5. The organic light emitting display device as claimed in claim 4,
wherein the controller is configured to control the gamma unit so
that the voltages of the gamma voltages are not changed when the
third control signal is input.
6. The organic light emitting display device as claimed in claim 4,
wherein the controller is configured to control the gamma unit to
output the gamma voltages that compensate for the voltage variation
of the reference power supply in accordance with the voltage
difference when the first control signal or the second control
signal is input.
7. The organic light emitting display device as claimed in claim 3,
further comprising: an analog-digital converter positioned between
the subtractor and the controller and configured to convert an
analog signal corresponding to the voltage difference supplied from
the subtractor into a digital signal and transfer the digital
signal to the controller.
8. A driving method of an organic light emitting display device
comprising a pixel coupled to a first power supply, a second power
supply and a reference power, the method comprising: while
controlling an amount of current supplied to the second power
supply from the first power supply when the pixel emits light,
compensating for a voltage drop of the first power supply using the
reference power, comprising: comparing a voltage of the reference
power supply with that of a comparative power supply having a
target voltage value of the reference power supply; and resetting
gamma voltages corresponding to a voltage variation of the
reference power supply in accordance with the comparison
result.
9. The driving method of the organic light emitting display device
as claimed in claim 8, wherein the resetting the gamma voltages
comprises setting voltage values of the gamma voltages so that the
voltage variation of the reference power supply is compensated
for.
10. The driving method of the organic light emitting display device
as claimed in claim 8, further comprising: selecting any one of the
gamma voltages in accordance with externally supplied data to
generate a data signal; and supplying the data signal to the
pixel.
11. An organic light emitting display device comprising: a scan
driver for driving scan lines and light emitting control lines; a
data driver for driving data lines with data in accordance with
selected gamma voltages; a pixel for receiving a reference power, a
first power, and a second power, the pixel configured to compensate
for a voltage drop of the first power using the reference power;
and a gamma voltage controller for controlling voltage values of
the gamma voltages in accordance with a voltage variation of the
reference power from a target voltage.
12. The organic light emitting display device as claimed in claim
11, wherein the gamma voltage controller is configured to compare a
voltage value of the reference power with that of a comparative
power having the target voltage and to control the voltage values
of the gamma voltages in accordance with the comparison result.
Description
CROSS-REFERENCE TO RELATED APPLICATION
[0001] This application claims priority to and the benefit of
Korean Patent Application No. 10-2009-0082450, filed on Sep. 2,
2009, in the Korean Intellectual Property Office, the entire
content of which is incorporated herein by reference.
BACKGROUND
[0002] 1. Field
[0003] An aspect of the embodiments of the present invention
relates to an organic light emitting display device and a driving
method thereof.
[0004] 2. Description of Related Art
[0005] Recently, various flat panel displays with reduced weight
and volume in comparison to a cathode ray tube have been developed.

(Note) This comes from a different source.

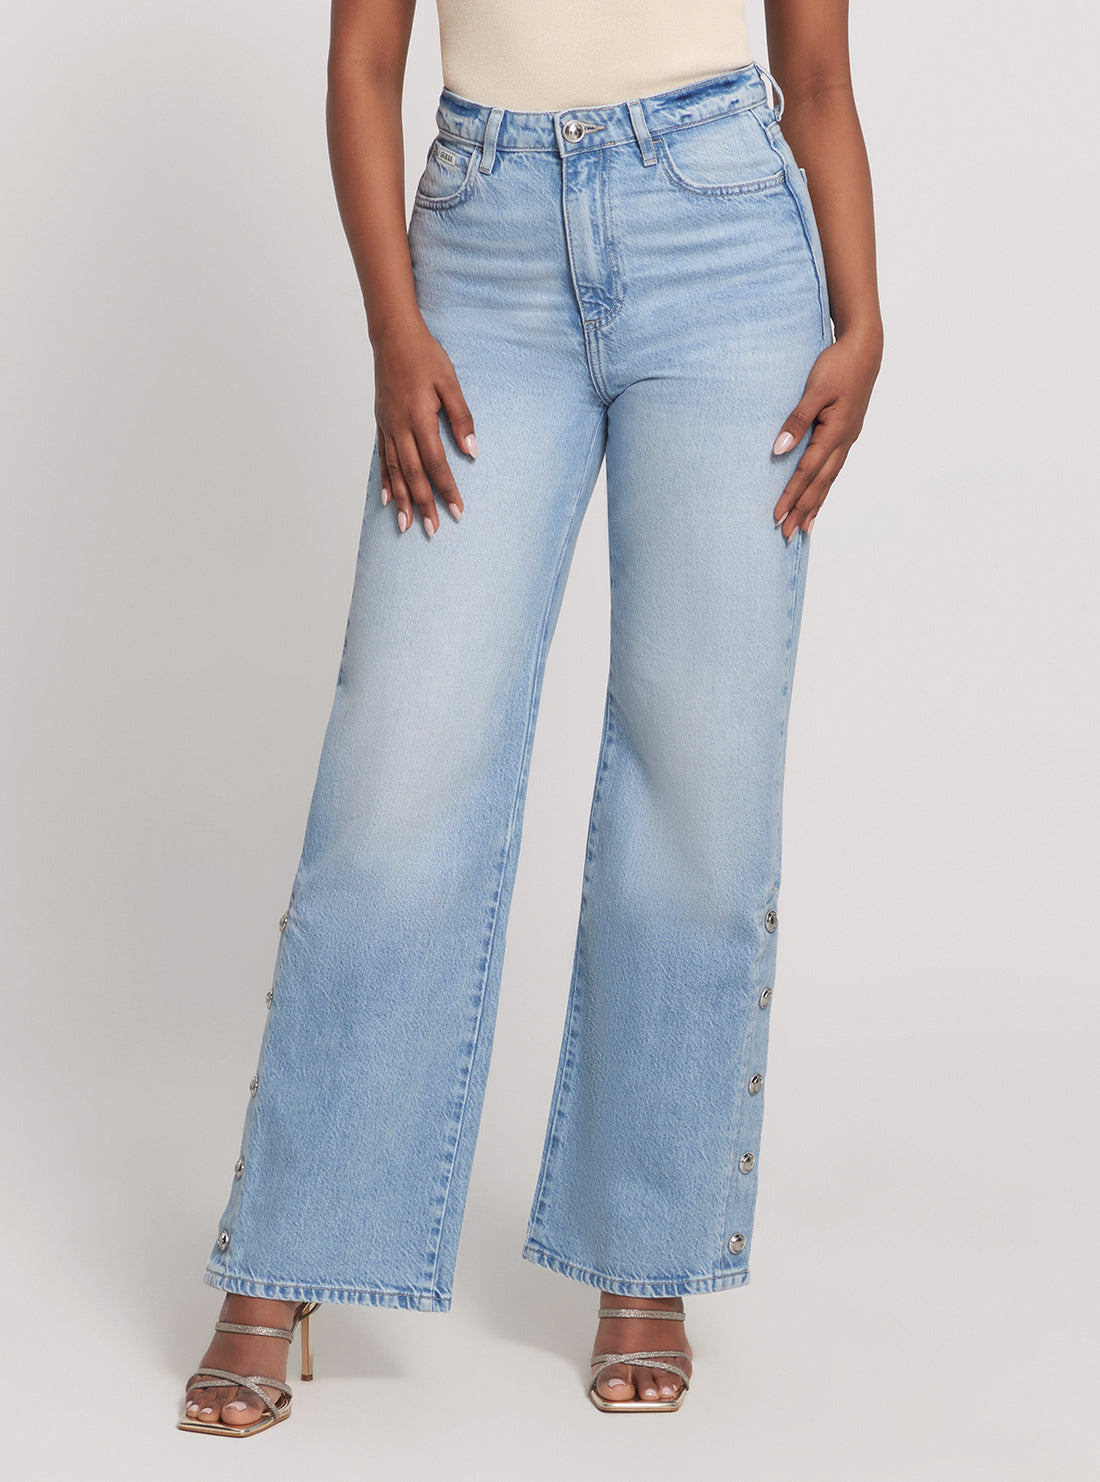 GUESS High-Rise Paz Wide Leg Denim Jeans in Light Wash front view

The flat panel displays include a liquid crystal display device, a
field emission display device, a plasma display panel, an organic
light emitting display device, etc.
[0006] The organic light emitting display device displays an image
using organic light emitting diodes that emit light by a
re-combination of electrons and holes. Such an organic light
emitting display device has a rapid response speed and low power
consumption.
[0007] FIG. 1 is a circuit diagram showing a pixel of a
conventional organic light emitting display device.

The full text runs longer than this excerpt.